PASCAL et La Pascale

Avertissement:

Dans cette page, il sera question de démonstrations, ou tout au moins de leur principe, en sautant quelques détails techniques au profit de la vision générale. Ce qui peut donc demander au lecteur un effort un peu plus soutenu, et un niveau de base en maths dépasant légèrement celui d'un touriste ordinaire...
De fait, les preuves font référence à des connaissances allant du Bac S, pour les plus simples, au Master 1, pour les plus délicates, leur contexte et  leurs outils.
Le lecteur qui n'est pas familier avec la Géométrie Projective... est bien sûr invité à visiter nos pages, mais, techniquement, l'appendice A du livre J. SILVERMAN, J.TATE, Rational Points on Elliptic Curves (Springer-Verlag) contient, avec concision et clarté, tout ce dont il peut avoir besoin pour comprendre. (Voir aussi les quelques liens donnés en références)

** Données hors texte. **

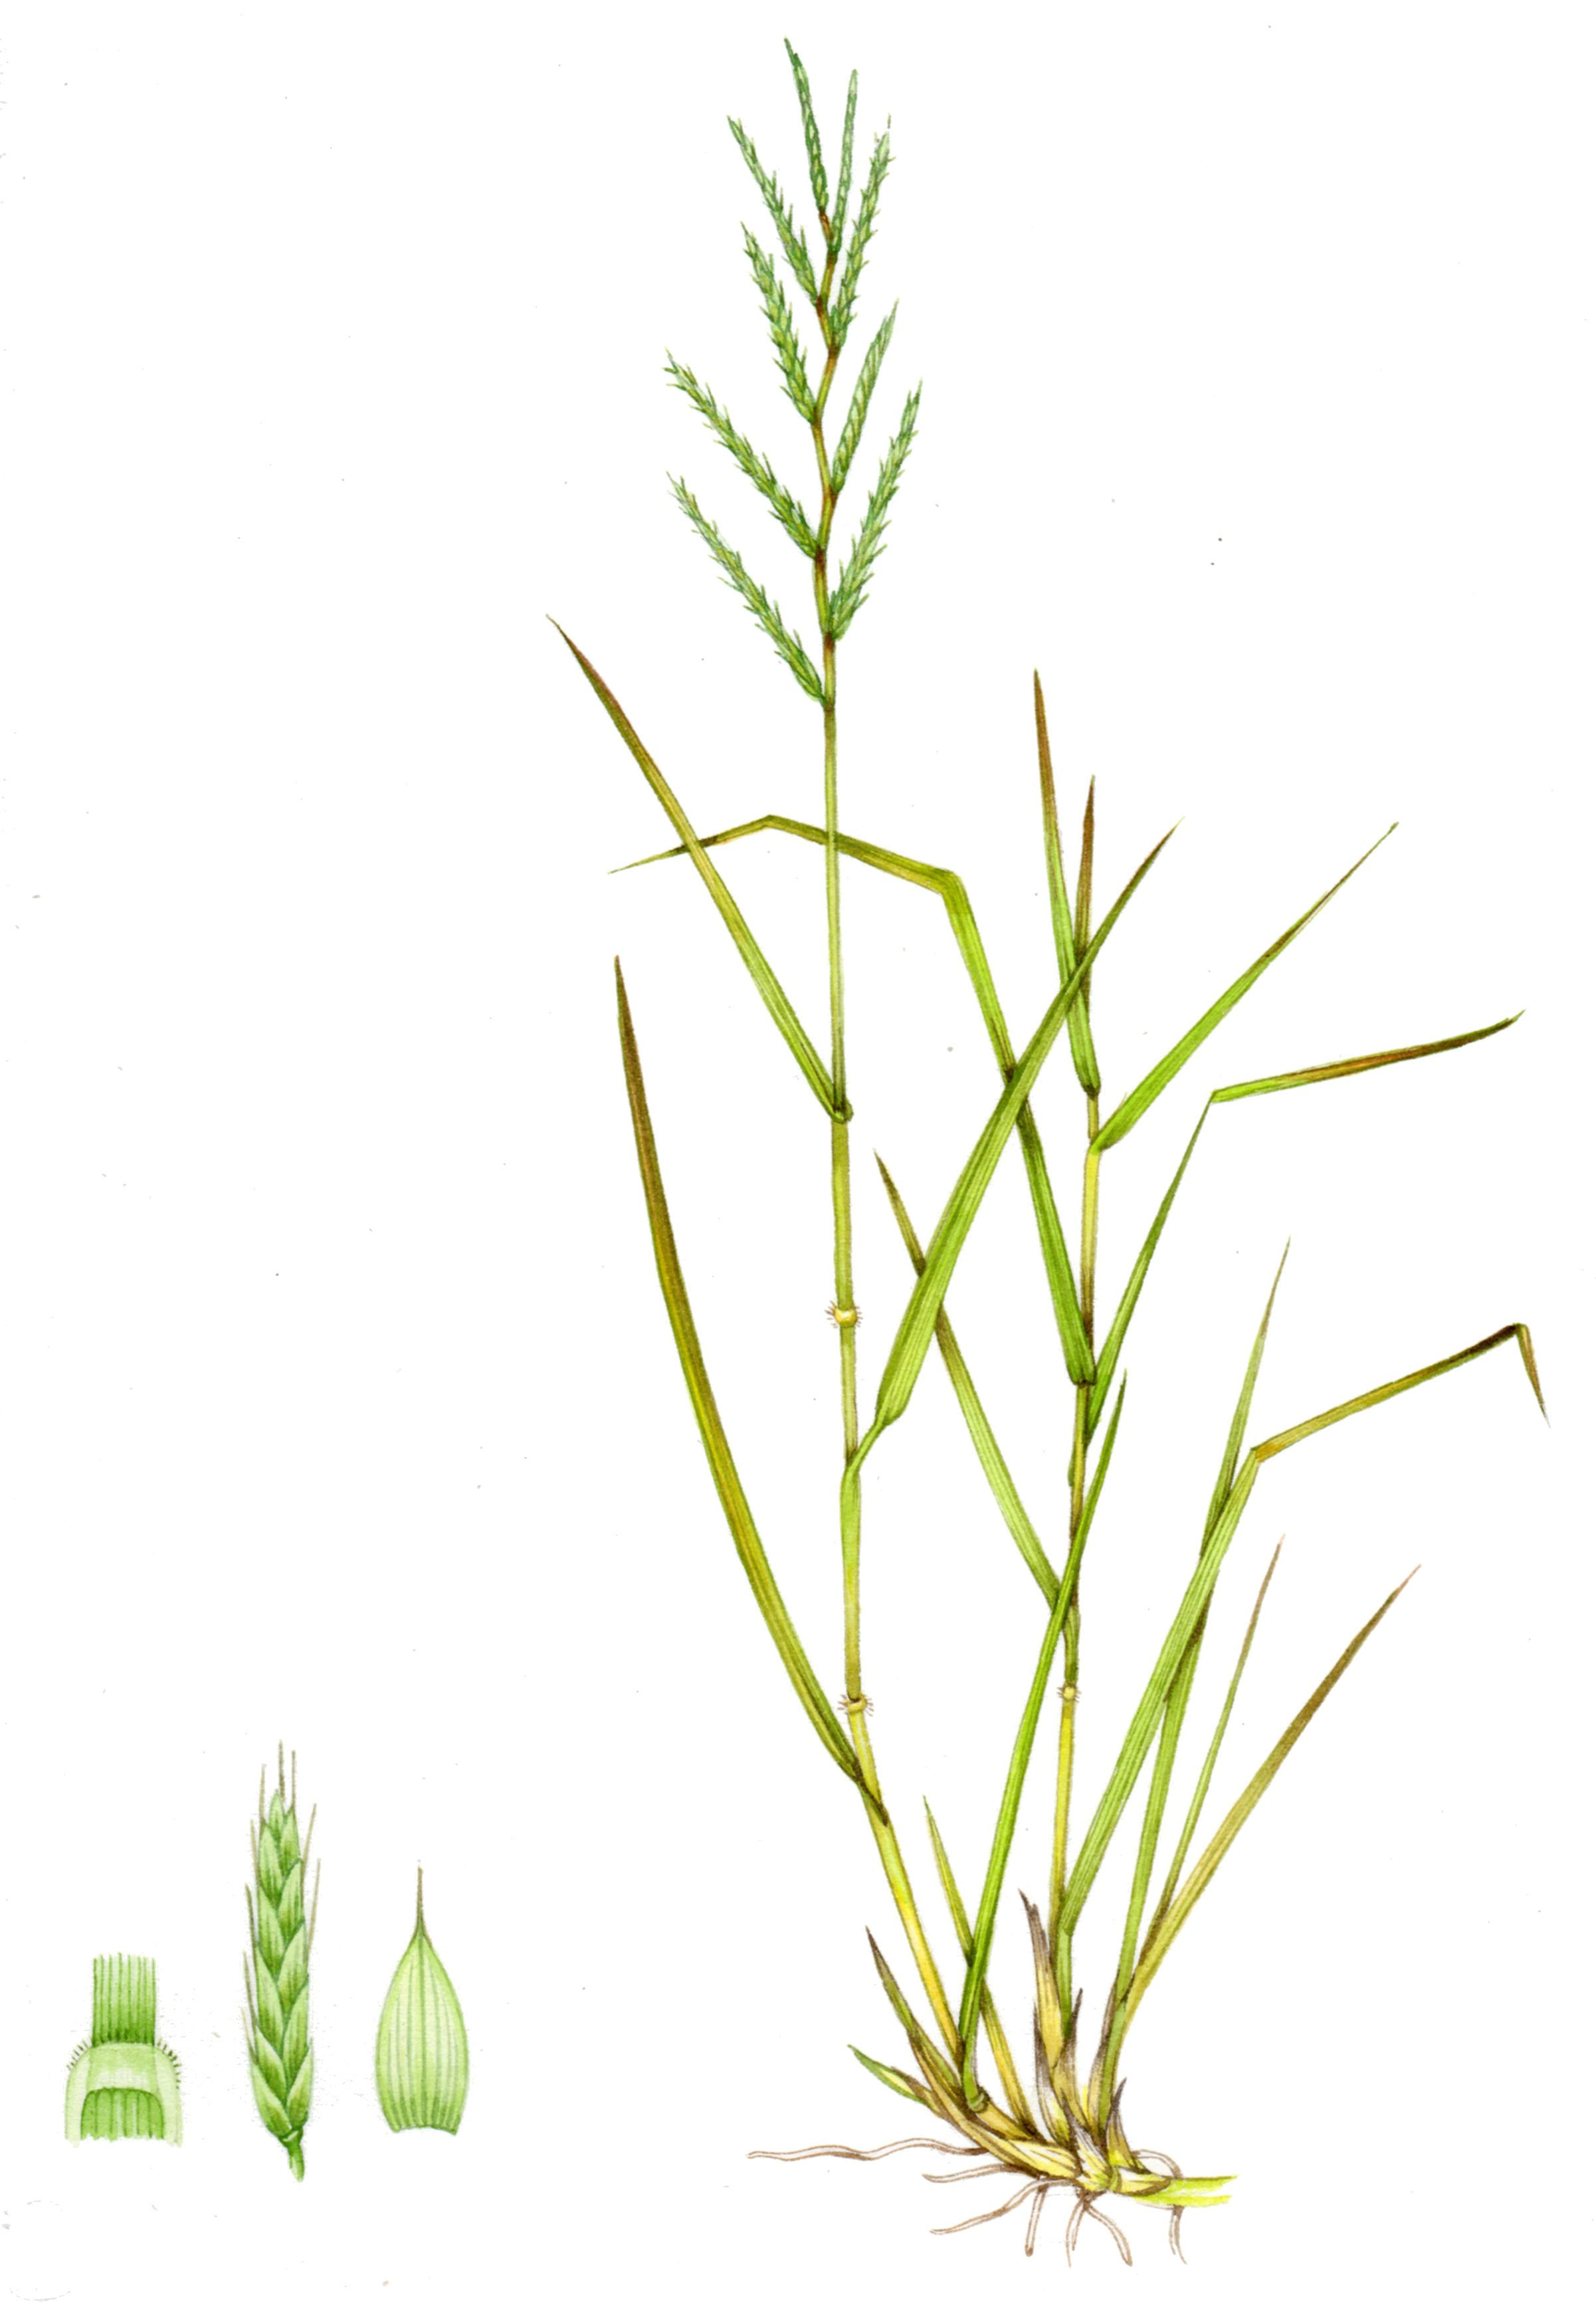 Clipart cheatgrass graphic library Tor grass Brachypodium pinnatum copyright www.lizzieharper.co.uk ... graphic library

Le Théorème de " l'Hexagramme Mystique"

Auteur de cette appellation irrésistible autant que fascinante:
Gottfried Wilhelm Leibniz (1646 - 1716) , ici à l'Université de Leipzig
Rappelons en l'énoncé :

Si un hexagone quelconque ABCDEF (pas nécessairement convexe!) est inscrit dans une conique quelconque, les intersections des côtés n'ayant aucun sommet commun Y = AB DE, Z = BC  EF, X = CD ∩FA sont alignés.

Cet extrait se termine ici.